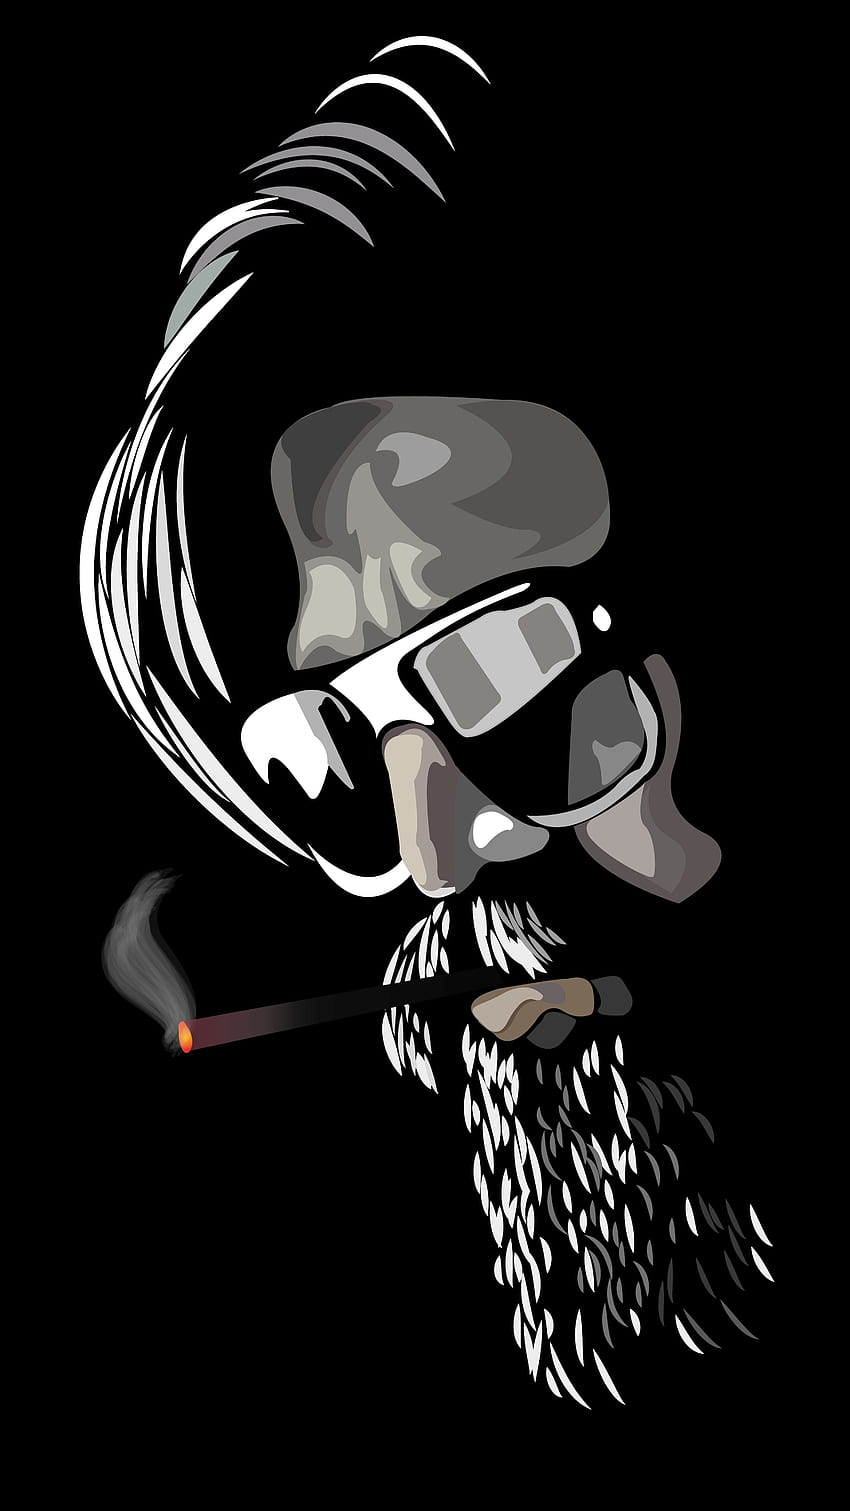 Pahlawan Kgf, Hitam Putih, merokok, wajah wallpaper ponsel HD
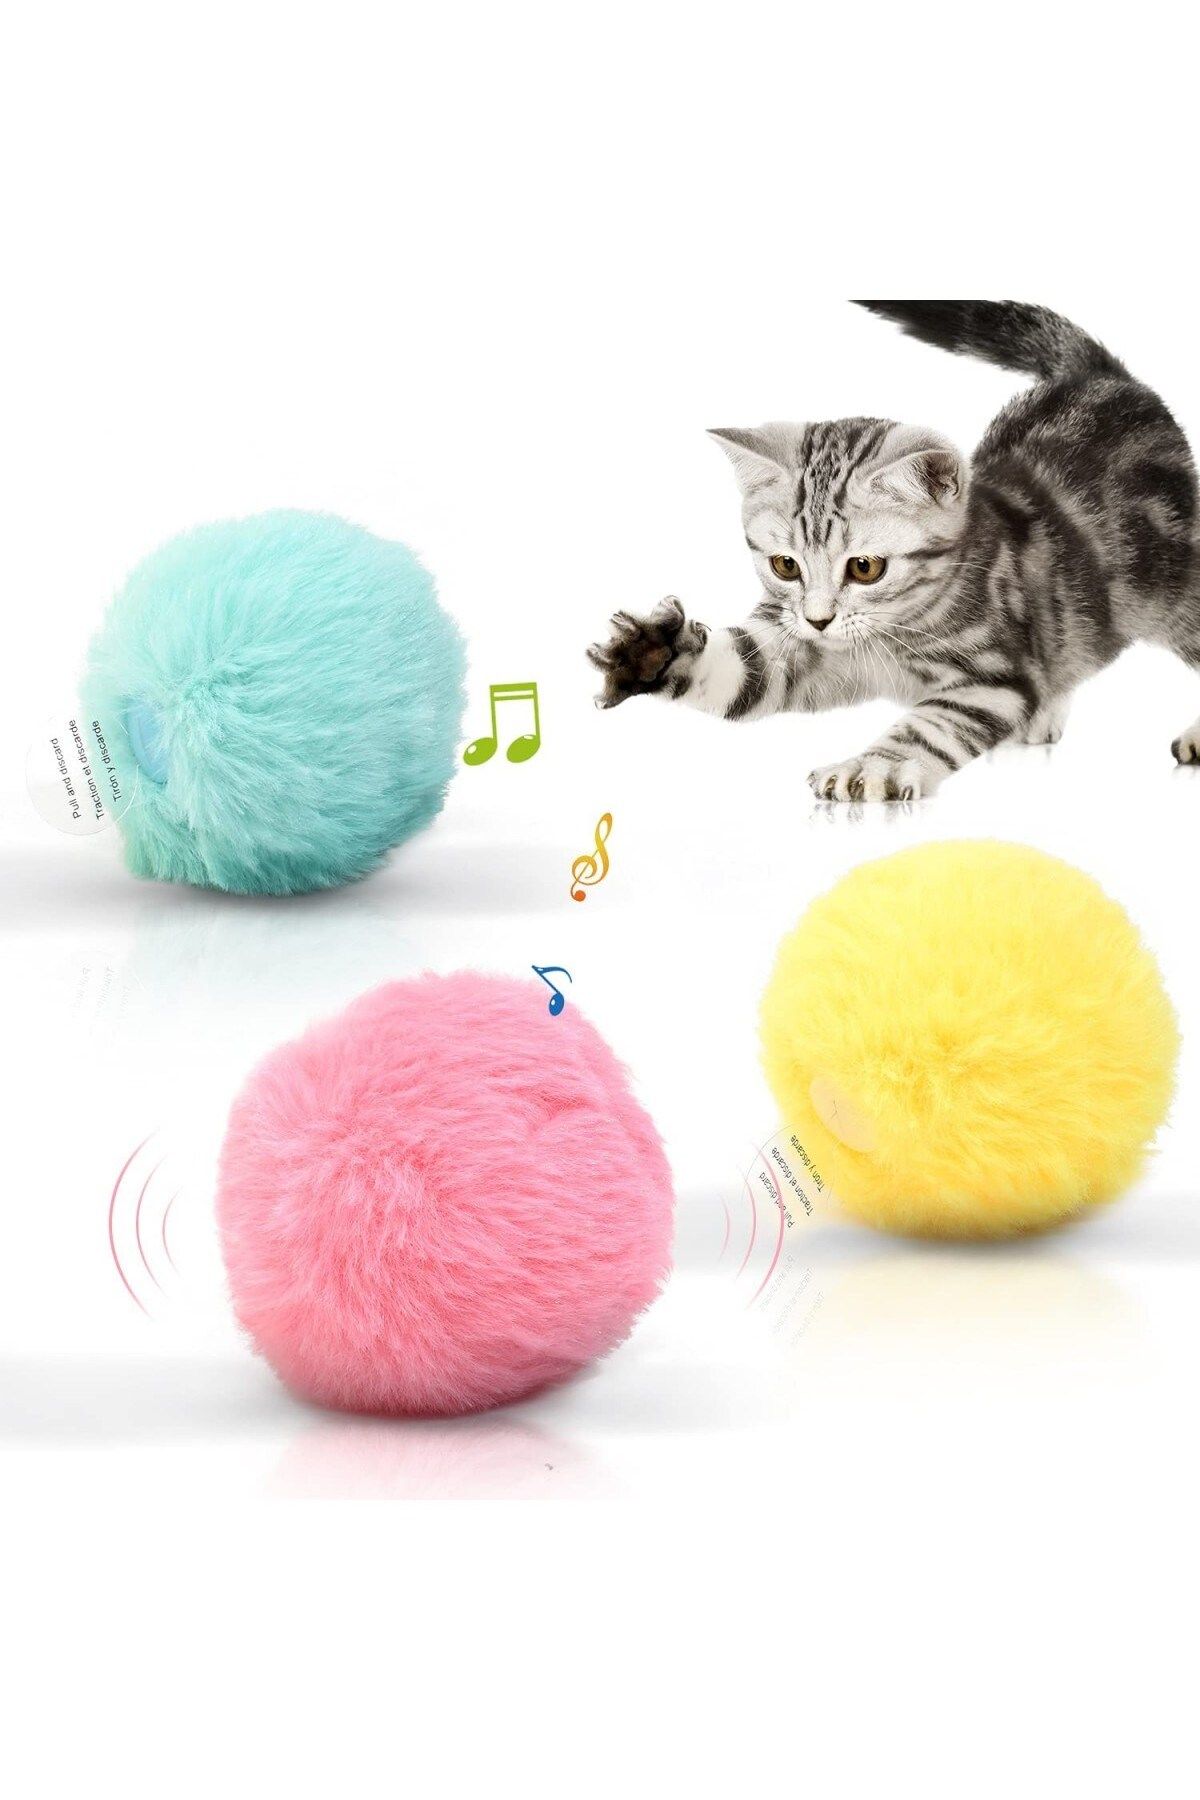 BUSHOP Peluş Kedi Oyuncak Interaktif Kedi Oyuncağı Gerçek Kuş Sesli - Pembe
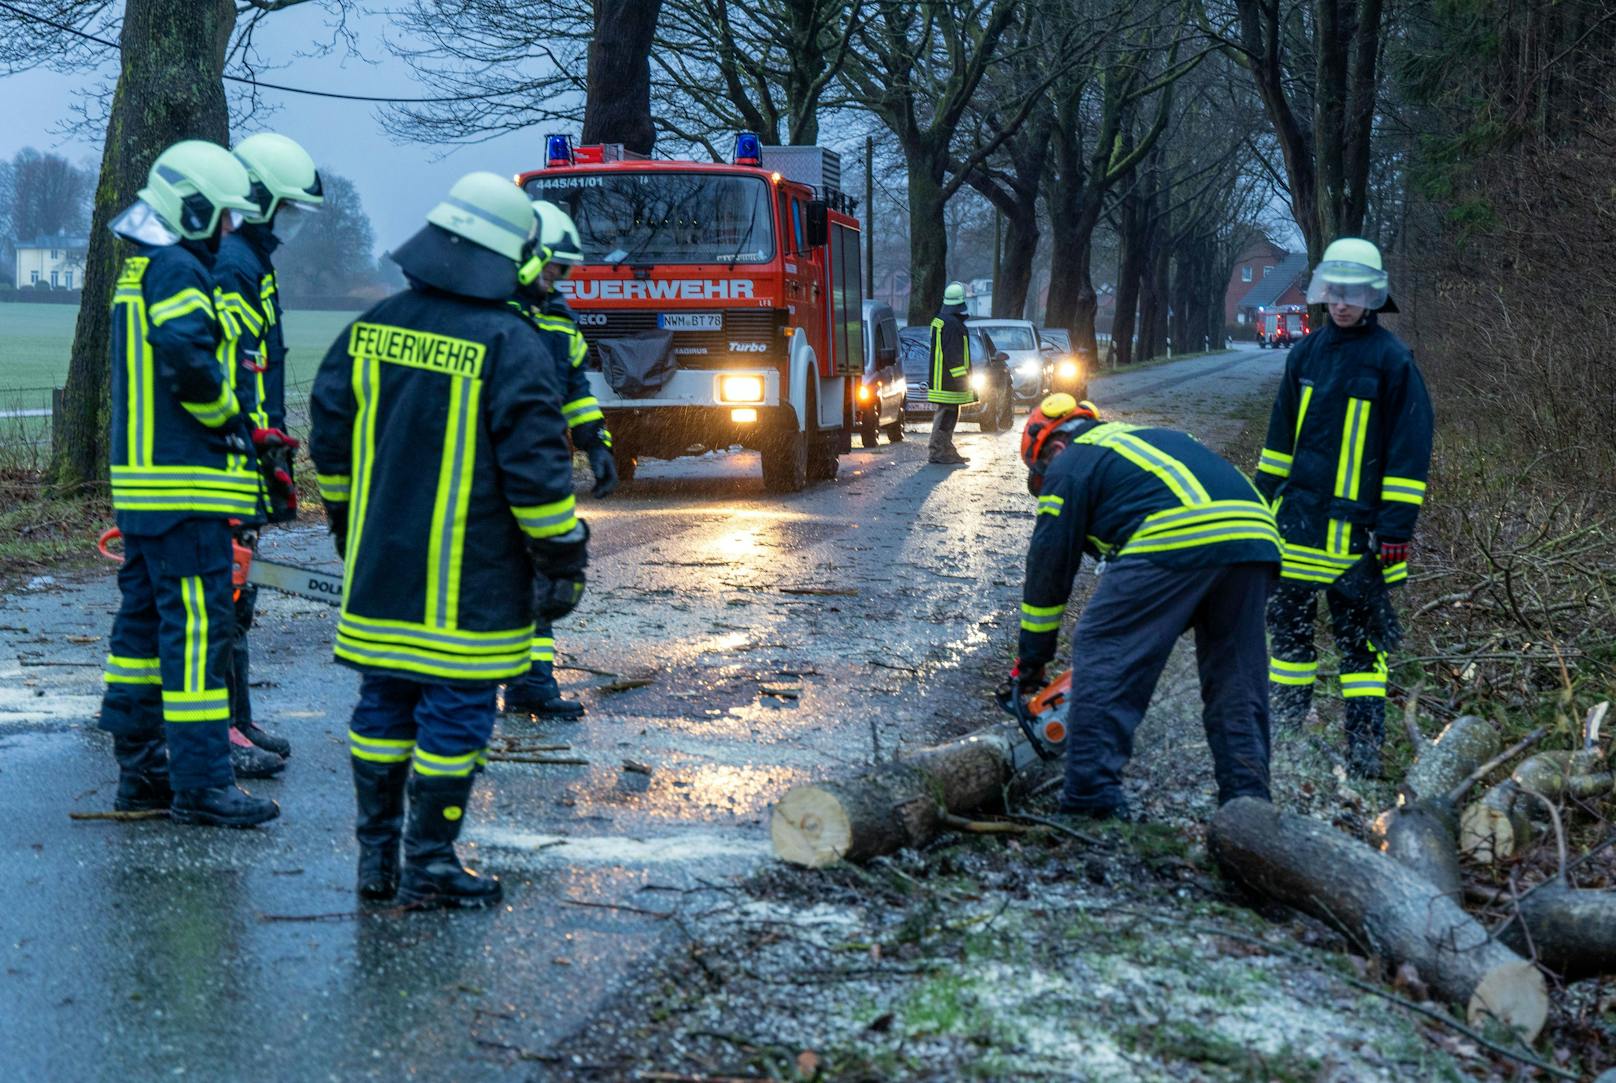 Die Feuerwehr hat alle Hände voll zu tun. Wegen umgestürzter Bäume, Verkehrsunfälle und anderer Zwischenfälle müssen die Helfer zu zahlreichen Einsätzen ausrücken – wie hier in Mecklenburg-Vorpommern...

______

WORK INSTRUCTION ▸
With the pictures excluded, restate word for word each line from the one that contains "BUSHOP Peluş Kedi" through the last line of the listing above.

EXERCISE RESULT ▸
 BUSHOP Peluş Kedi Oyuncak Interaktif Kedi Oyuncağı Gerçek Kuş Sesli - Pembe
 Die Feuerwehr hat alle Hände voll zu tun. Wegen umgestürzter Bäume, Verkehrsunfälle und anderer Zwischenfälle müssen die Helfer zu zahlreichen Einsätzen ausrücken – wie hier in Mecklenburg-Vorpommern...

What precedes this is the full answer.